Generative Models on Phase Space
Summary: arXiv:2604.02415v1 Announce Type: cross
Abstract: Deep generative models such as diffusion and flow matching are powerful machine learning tools capable of learning and sampling from high-dimensional distributions. They are particularly useful when the training data appears to be concentrated on a submanifold of the data embedding space. For high-energy physics data, consisting of collections of relativistic energy-momentum 4-vectors, this submanifold can enforce extremely strong physically-motivated priors, such as energy and momentum conservation. If these constraints are learned only approximately, rather than exactly, this can inhibit the interpretability and reliability of such generative models.

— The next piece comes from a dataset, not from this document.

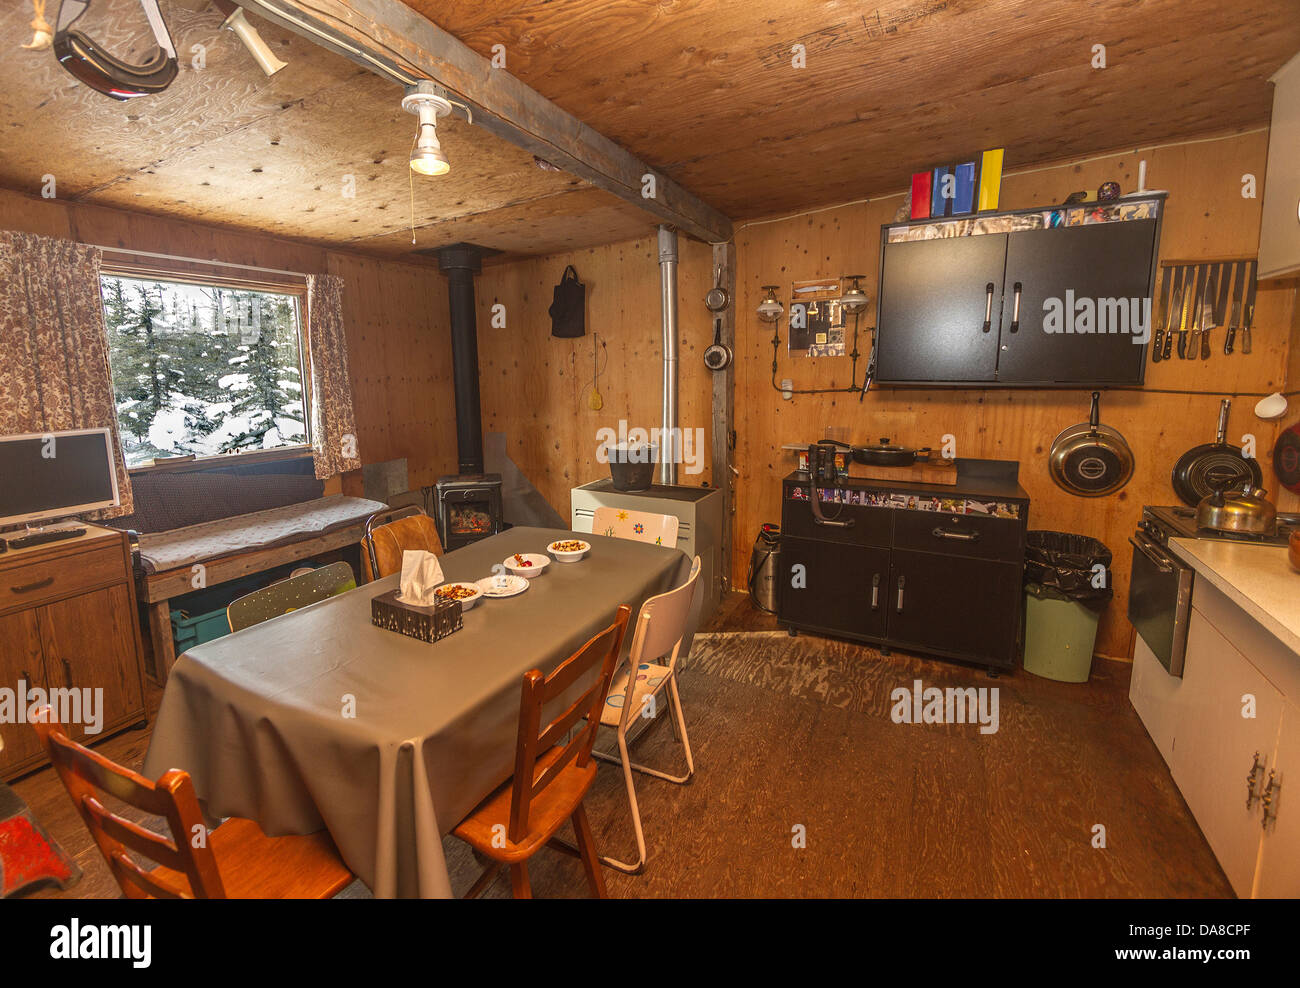 Typische, einfache Hütte in der arktischen Tundra Wildnis, ausgestattet mit Holzofen und Generator angetrieben Elektrizität verwendet Stockfoto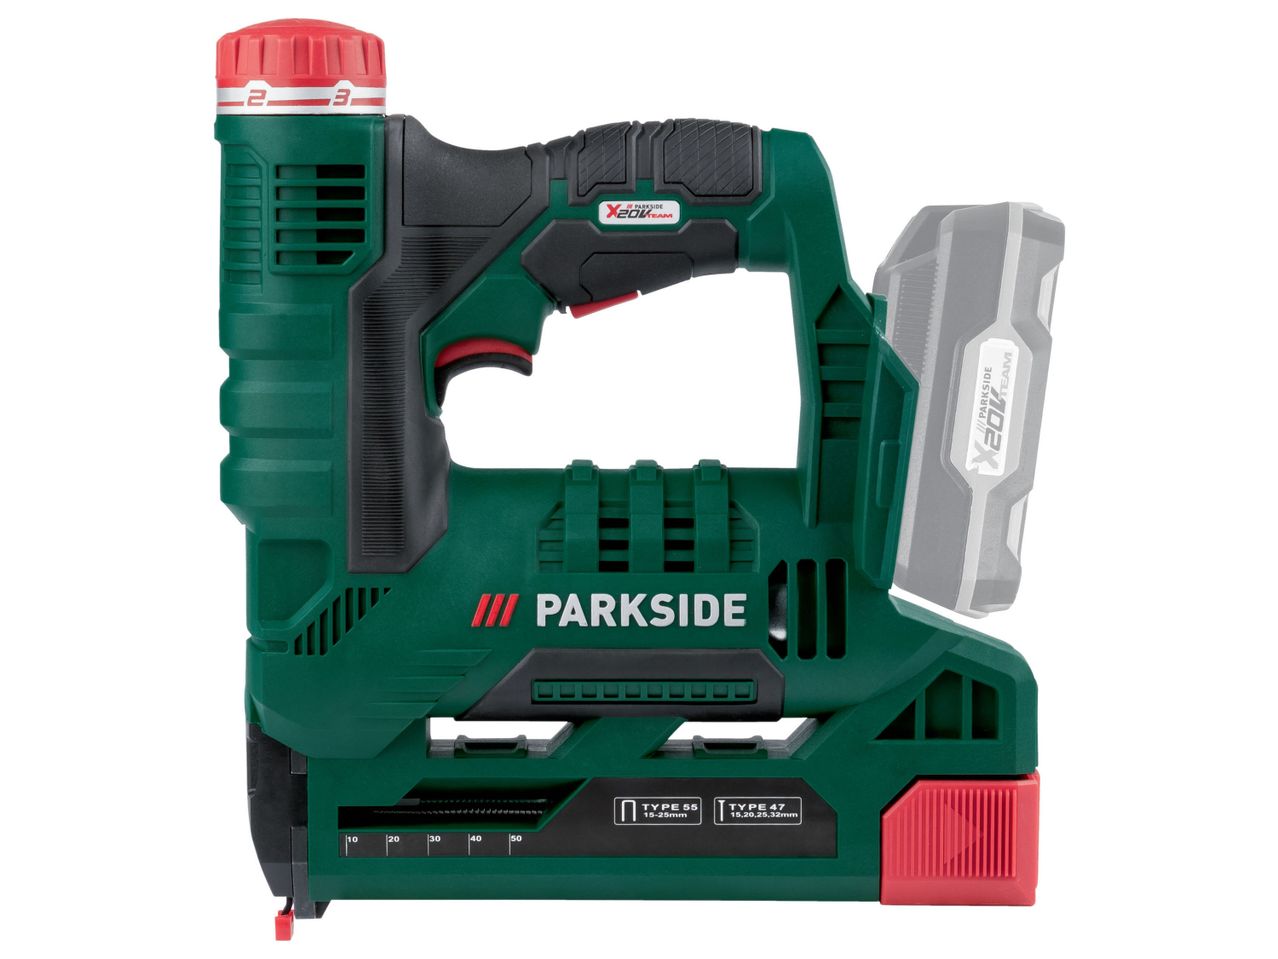 Ver empliada: Parkside® Agrafador 20 V sem Bateria - Imagem 1

To remedy this deficiency, we introduce generative models which are, by construction, confined at every step of their sampling trajectory to the manifold of massless N-particle Lorentz-invariant phase space in the center-of-momentum frame. In the case of diffusion models, the “pure noise” forward process endpoint corresponds to the uniform distribution on phase space, which provides a clear starting point from which to identify how correlations among the particles emerge during the reverse (de-noising) process. We demonstrate that our models are able to learn both few-particle and many-particle distributions with various singularity structures, paving the way for future interpretability studies using generative models trained on simulated jet data.
Introduction
Generative models have revolutionized the way we approach machine learning, especially in fields where high-dimensional data is prevalent. In high-energy physics, effective modeling of data is crucial for understanding particle interactions and behaviors. Traditional methods often struggle with the complexities introduced by physical constraints, such as conservation laws. This article discusses recent advancements in generative modeling approaches specifically tailored to the unique requirements of high-energy physics data.
Core Concepts
- Generative Models: These models are designed to generate new data points from a learned distribution, making them ideal for tasks such as sampling and data augmentation.
- Phase Space: In the context of high-energy physics, phase space refers to the multidimensional space in which all possible states of a system are represented. For particle physics, this includes energy-momentum vectors that obey specific conservation laws.
- Diffusion Models: A type of generative model that utilizes a forward process to add noise to data and a reverse process to denoise and recover the original distribution.
Methodology
The proposed generative models leverage the structure of N-particle Lorentz-invariant phase space. By constraining the sampling process to this manifold, the models inherently respect physical principles, thus improving reliability and interpretability. The approach integrates the following key aspects:
- Manifold Learning: The model’s design ensures that it operates strictly within the boundaries defined by physical laws, such as energy and momentum conservation.
- Reverse Process Analysis: The diffusion model’s reverse process provides insights into how correlations develop as particles interact, leading to a more profound understanding of the underlying physics.
- Singularity Structures: The study demonstrates the model’s capability to learn distributions that exhibit various singularity patterns, crucial for accurately simulating complex particle interactions.
Conclusion
The introduction of generative models that conform to the physical constraints of high-energy physics offers a significant step forward in the field. By ensuring that these models are confined to Lorentz-invariant phase space, we enhance their interpretability and reliability. Future research will focus on applying these models to real-world data, potentially leading to breakthroughs in our understanding of particle physics and the development of advanced simulation techniques.